Instruction for the entries that follow: retype exactly the lines from the line with "Hertfordshire Boho Themed" to the line with "Papier wręcza pomysły i inspirację", both included, and omit all others.

_____

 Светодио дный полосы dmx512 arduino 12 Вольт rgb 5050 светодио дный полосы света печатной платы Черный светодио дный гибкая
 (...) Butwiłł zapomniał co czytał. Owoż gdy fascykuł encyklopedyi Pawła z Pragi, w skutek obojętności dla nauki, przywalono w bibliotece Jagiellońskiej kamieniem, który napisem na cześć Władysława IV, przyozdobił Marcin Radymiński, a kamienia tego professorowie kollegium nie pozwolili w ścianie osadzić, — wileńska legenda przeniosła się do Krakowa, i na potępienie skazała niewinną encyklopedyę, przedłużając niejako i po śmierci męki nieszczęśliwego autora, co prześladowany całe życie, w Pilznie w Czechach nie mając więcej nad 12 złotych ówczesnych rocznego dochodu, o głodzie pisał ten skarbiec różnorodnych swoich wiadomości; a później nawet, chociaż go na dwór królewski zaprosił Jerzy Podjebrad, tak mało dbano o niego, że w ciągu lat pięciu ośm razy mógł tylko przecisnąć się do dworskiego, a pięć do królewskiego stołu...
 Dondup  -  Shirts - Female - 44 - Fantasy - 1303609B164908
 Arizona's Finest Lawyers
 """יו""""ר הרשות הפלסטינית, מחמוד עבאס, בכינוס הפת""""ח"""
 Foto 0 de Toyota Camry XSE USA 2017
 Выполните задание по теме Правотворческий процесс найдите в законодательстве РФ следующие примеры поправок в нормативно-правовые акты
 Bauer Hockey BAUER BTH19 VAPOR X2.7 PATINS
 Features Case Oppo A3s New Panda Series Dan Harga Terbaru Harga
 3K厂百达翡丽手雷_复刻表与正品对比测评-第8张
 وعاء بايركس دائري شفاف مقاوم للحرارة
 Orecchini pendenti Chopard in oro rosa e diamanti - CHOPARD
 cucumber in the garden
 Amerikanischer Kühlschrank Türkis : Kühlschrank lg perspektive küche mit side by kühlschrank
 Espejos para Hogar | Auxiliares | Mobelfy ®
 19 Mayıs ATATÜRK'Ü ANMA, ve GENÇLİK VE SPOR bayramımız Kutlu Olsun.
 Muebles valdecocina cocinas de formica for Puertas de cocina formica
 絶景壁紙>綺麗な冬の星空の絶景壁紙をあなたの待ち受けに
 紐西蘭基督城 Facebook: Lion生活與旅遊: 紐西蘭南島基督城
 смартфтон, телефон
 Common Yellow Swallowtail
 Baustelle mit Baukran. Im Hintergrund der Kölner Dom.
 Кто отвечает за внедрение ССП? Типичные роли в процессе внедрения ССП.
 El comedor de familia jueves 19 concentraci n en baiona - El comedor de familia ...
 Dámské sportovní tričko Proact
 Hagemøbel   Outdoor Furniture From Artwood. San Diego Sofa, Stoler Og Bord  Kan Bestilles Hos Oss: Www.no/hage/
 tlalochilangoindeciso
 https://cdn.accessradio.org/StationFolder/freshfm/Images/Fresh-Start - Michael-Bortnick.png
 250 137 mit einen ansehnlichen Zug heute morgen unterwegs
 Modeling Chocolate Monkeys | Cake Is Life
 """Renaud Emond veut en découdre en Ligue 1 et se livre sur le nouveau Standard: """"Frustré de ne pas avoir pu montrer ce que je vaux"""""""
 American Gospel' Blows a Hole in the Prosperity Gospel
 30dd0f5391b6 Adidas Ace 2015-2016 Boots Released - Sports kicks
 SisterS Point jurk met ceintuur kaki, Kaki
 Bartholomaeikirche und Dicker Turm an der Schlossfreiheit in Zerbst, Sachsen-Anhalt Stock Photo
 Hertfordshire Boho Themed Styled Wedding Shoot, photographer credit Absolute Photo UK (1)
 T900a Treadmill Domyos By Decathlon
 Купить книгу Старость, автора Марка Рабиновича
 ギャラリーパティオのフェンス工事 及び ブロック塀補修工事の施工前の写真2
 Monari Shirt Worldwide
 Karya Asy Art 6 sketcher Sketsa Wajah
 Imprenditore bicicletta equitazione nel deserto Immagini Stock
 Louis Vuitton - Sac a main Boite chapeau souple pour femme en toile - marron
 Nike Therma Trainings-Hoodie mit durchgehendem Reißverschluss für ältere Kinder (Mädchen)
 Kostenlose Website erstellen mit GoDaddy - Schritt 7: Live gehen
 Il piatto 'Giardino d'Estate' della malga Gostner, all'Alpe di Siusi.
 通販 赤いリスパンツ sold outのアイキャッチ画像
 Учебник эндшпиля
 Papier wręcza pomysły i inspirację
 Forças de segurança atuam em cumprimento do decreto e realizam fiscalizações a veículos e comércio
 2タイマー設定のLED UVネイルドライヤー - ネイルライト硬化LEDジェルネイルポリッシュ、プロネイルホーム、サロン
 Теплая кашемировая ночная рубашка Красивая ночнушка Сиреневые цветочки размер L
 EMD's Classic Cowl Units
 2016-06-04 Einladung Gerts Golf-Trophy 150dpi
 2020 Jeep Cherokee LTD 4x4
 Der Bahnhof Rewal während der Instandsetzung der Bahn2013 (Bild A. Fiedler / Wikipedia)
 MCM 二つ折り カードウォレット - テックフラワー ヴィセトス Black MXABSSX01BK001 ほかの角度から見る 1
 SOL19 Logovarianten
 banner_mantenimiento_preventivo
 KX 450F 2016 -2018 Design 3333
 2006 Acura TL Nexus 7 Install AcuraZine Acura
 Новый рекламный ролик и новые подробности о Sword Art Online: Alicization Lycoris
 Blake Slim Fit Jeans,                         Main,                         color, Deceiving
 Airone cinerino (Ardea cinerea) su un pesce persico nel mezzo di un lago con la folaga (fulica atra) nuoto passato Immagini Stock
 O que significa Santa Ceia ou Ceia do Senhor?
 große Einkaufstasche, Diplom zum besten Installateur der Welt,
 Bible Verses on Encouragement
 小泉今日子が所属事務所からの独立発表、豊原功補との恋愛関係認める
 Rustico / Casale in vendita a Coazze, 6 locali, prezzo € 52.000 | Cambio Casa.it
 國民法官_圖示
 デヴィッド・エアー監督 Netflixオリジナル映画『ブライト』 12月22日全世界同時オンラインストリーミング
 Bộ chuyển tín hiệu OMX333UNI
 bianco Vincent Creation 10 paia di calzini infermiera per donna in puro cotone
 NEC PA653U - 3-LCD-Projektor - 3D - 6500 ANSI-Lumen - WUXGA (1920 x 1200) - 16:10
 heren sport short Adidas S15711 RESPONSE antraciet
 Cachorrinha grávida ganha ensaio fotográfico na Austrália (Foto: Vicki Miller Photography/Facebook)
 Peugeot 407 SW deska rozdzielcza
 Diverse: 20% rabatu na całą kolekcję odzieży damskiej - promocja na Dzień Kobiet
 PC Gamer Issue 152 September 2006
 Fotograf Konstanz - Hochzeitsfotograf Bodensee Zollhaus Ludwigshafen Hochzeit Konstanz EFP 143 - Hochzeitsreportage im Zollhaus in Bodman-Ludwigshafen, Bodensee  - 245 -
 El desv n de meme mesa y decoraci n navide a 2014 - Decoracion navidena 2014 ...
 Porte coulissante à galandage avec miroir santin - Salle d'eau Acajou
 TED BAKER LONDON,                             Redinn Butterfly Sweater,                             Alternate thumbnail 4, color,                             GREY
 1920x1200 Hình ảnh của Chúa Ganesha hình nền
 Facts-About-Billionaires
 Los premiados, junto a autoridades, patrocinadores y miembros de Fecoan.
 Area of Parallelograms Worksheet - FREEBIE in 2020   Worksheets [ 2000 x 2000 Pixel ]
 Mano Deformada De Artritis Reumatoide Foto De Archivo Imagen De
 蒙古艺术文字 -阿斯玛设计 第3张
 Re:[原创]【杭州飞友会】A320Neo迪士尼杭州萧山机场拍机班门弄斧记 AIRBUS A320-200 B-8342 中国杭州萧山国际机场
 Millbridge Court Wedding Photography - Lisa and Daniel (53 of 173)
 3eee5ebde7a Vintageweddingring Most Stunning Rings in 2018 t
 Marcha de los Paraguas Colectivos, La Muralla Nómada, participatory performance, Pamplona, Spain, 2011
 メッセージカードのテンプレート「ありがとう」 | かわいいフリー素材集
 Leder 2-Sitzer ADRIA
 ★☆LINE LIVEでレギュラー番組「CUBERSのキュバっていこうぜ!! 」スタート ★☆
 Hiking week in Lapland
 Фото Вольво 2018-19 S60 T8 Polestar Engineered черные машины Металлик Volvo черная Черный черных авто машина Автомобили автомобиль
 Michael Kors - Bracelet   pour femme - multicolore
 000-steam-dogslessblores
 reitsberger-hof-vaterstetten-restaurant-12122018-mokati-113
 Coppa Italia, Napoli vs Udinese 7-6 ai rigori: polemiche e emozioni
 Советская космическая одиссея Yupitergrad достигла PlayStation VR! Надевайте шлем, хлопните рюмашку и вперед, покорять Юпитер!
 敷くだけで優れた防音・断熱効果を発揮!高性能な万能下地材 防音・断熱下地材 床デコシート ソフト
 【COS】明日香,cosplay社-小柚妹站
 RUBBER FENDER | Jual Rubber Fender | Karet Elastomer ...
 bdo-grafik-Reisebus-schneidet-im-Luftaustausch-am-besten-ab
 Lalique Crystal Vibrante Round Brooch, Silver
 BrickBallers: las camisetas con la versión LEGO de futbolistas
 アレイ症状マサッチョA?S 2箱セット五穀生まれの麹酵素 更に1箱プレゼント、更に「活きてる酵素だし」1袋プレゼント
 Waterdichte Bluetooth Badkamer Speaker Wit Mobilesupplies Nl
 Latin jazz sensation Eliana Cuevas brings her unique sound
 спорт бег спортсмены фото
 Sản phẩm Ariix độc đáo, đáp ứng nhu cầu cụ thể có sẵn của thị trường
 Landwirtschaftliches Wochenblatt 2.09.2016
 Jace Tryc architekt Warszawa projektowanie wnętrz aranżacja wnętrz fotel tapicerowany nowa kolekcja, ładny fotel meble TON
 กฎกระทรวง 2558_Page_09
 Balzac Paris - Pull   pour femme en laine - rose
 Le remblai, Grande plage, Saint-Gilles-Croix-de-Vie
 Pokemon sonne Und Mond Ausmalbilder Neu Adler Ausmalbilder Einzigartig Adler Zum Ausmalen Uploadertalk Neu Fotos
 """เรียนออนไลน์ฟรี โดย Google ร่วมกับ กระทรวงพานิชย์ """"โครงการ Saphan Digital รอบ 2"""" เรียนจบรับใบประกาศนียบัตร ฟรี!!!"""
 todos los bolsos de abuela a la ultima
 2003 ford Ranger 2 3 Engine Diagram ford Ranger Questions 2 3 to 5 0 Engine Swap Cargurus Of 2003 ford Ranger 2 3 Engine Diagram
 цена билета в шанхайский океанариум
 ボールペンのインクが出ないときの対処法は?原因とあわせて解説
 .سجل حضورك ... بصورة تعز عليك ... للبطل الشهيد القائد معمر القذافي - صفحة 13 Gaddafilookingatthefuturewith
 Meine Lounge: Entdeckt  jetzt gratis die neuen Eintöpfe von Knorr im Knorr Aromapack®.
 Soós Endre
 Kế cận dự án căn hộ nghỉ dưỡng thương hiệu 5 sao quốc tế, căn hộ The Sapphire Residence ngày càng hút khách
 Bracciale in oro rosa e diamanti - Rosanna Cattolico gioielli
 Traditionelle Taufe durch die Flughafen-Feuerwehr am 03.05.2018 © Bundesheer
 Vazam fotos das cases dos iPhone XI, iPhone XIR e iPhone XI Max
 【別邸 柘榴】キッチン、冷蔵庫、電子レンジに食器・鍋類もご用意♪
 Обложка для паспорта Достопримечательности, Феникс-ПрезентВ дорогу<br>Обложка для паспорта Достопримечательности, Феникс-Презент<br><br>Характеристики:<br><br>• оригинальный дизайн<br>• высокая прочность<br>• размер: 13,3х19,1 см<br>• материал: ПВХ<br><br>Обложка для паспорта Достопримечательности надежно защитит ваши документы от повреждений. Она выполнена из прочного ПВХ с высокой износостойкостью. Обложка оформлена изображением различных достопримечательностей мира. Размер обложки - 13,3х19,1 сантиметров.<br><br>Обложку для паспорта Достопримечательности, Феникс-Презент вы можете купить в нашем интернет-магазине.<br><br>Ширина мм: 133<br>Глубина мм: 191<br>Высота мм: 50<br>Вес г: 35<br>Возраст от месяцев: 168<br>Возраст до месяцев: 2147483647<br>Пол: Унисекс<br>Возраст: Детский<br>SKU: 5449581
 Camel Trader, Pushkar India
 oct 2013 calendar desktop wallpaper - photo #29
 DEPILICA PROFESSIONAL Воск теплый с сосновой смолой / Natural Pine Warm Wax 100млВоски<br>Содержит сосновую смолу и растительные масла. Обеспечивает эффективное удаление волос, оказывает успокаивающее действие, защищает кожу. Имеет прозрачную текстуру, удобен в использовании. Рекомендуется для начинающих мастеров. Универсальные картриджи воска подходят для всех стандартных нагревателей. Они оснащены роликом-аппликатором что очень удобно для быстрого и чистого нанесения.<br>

_____

REPLY TO THE TASK |
 Hertfordshire Boho Themed Styled Wedding Shoot, photographer credit Absolute Photo UK (1)
 T900a Treadmill Domyos By Decathlon
 Купить книгу Старость, автора Марка Рабиновича
 ギャラリーパティオのフェンス工事 及び ブロック塀補修工事の施工前の写真2
 Monari Shirt Worldwide
 Karya Asy Art 6 sketcher Sketsa Wajah
 Imprenditore bicicletta equitazione nel deserto Immagini Stock
 Louis Vuitton - Sac a main Boite chapeau souple pour femme en toile - marron
 Nike Therma Trainings-Hoodie mit durchgehendem Reißverschluss für ältere Kinder (Mädchen)
 Kostenlose Website erstellen mit GoDaddy - Schritt 7: Live gehen
 Il piatto 'Giardino d'Estate' della malga Gostner, all'Alpe di Siusi.
 通販 赤いリスパンツ sold outのアイキャッチ画像
 Учебник эндшпиля
 Papier wręcza pomysły i inspirację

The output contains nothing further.